** Data supplied **

- Opening Delimiter -

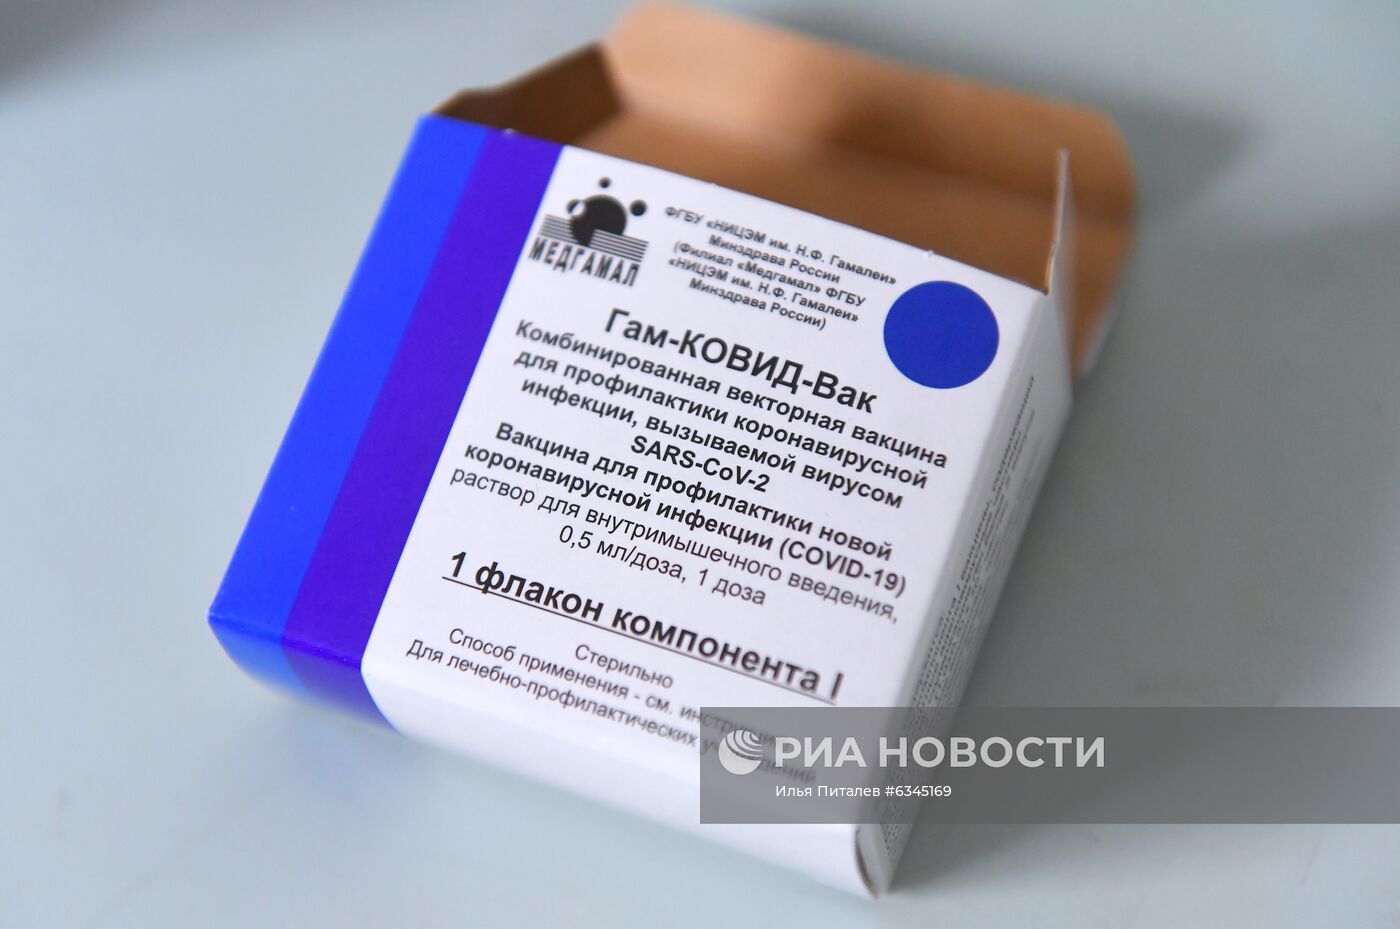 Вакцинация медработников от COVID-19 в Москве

- Closing Delimiter -
- Opening Delimiter -

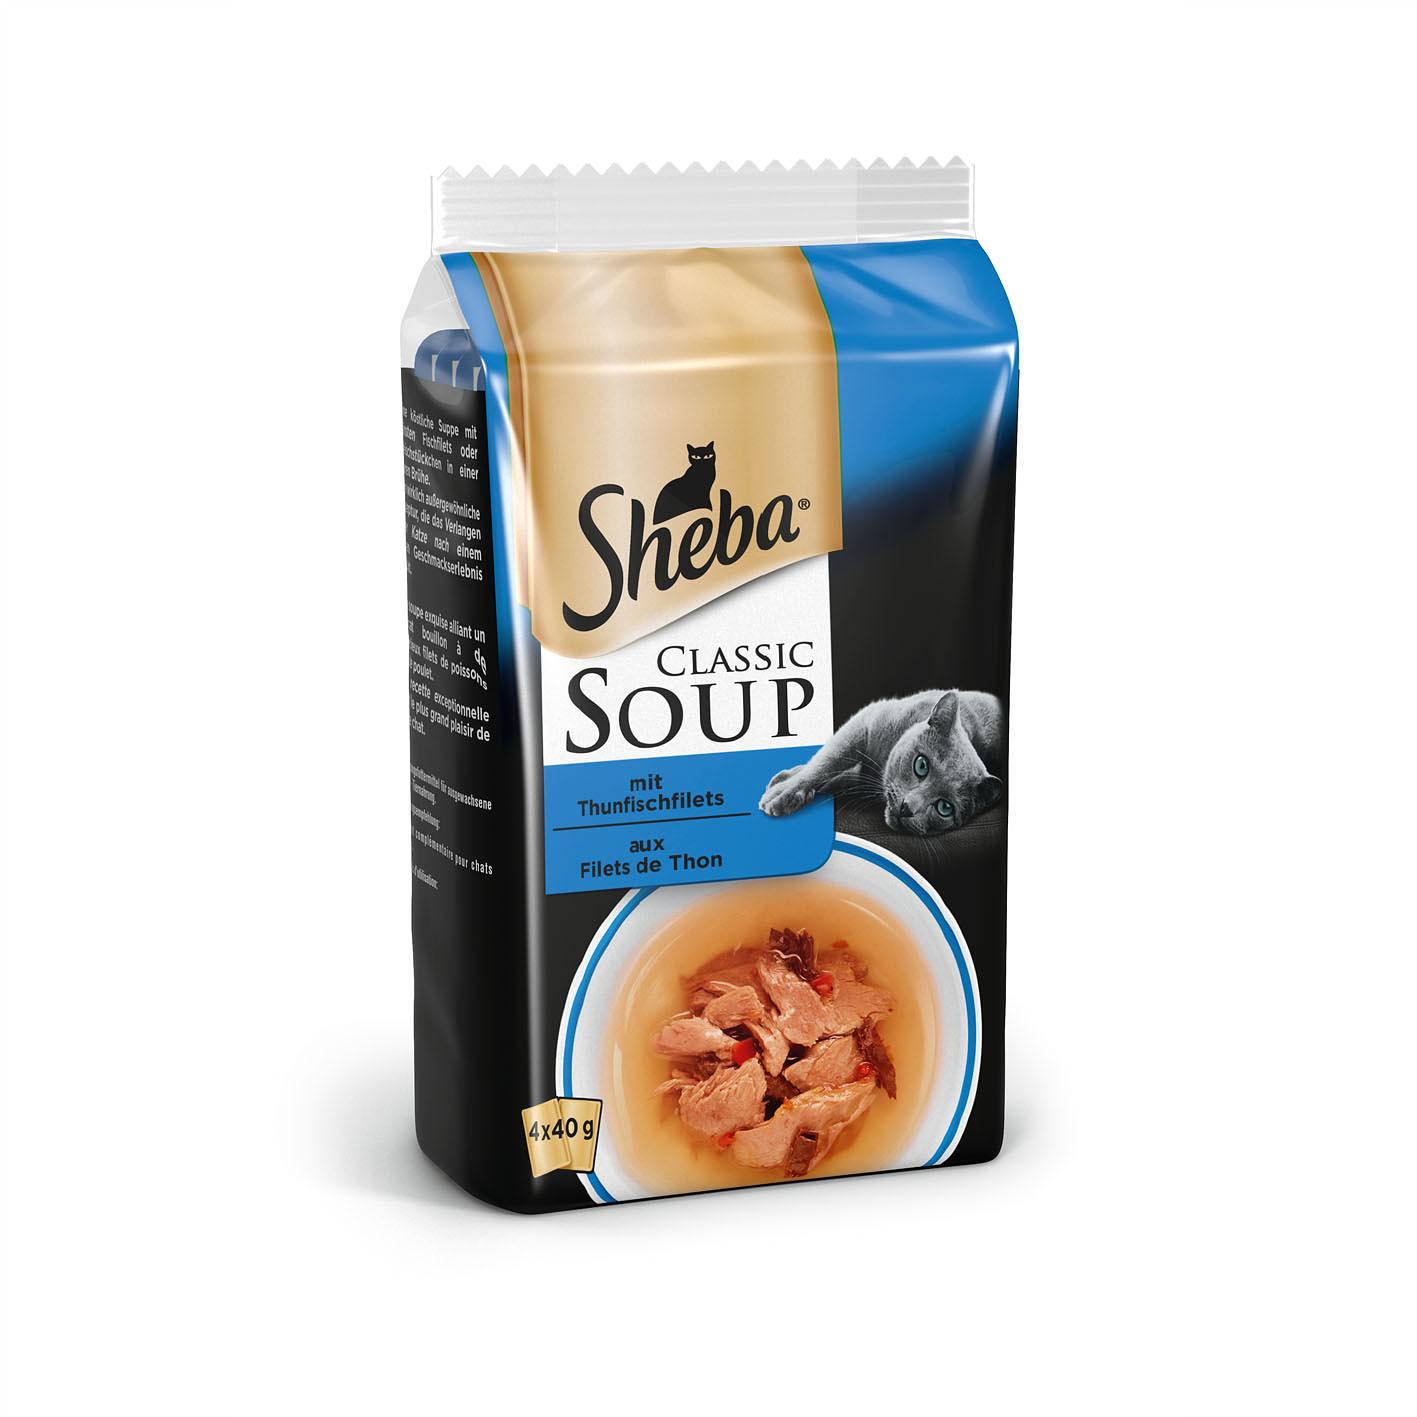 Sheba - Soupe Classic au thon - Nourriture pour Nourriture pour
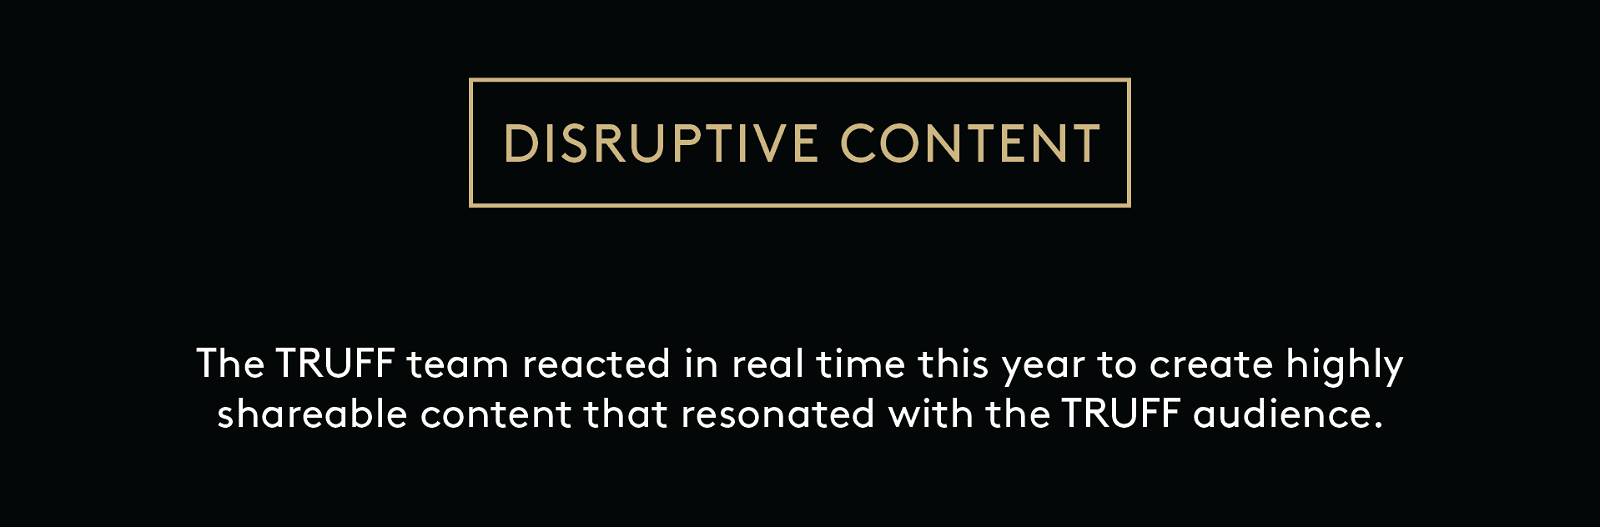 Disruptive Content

- Closing Delimiter -

** What the task requires **
Give back exactly the lines of the listing above from the one that contains "Sheba - Soupe" up to and including the one that contains "Disruptive Content", but not the pictures, and no other lines.

** Result **
 Sheba - Soupe Classic au thon - Nourriture pour Nourriture pour
 Disruptive Content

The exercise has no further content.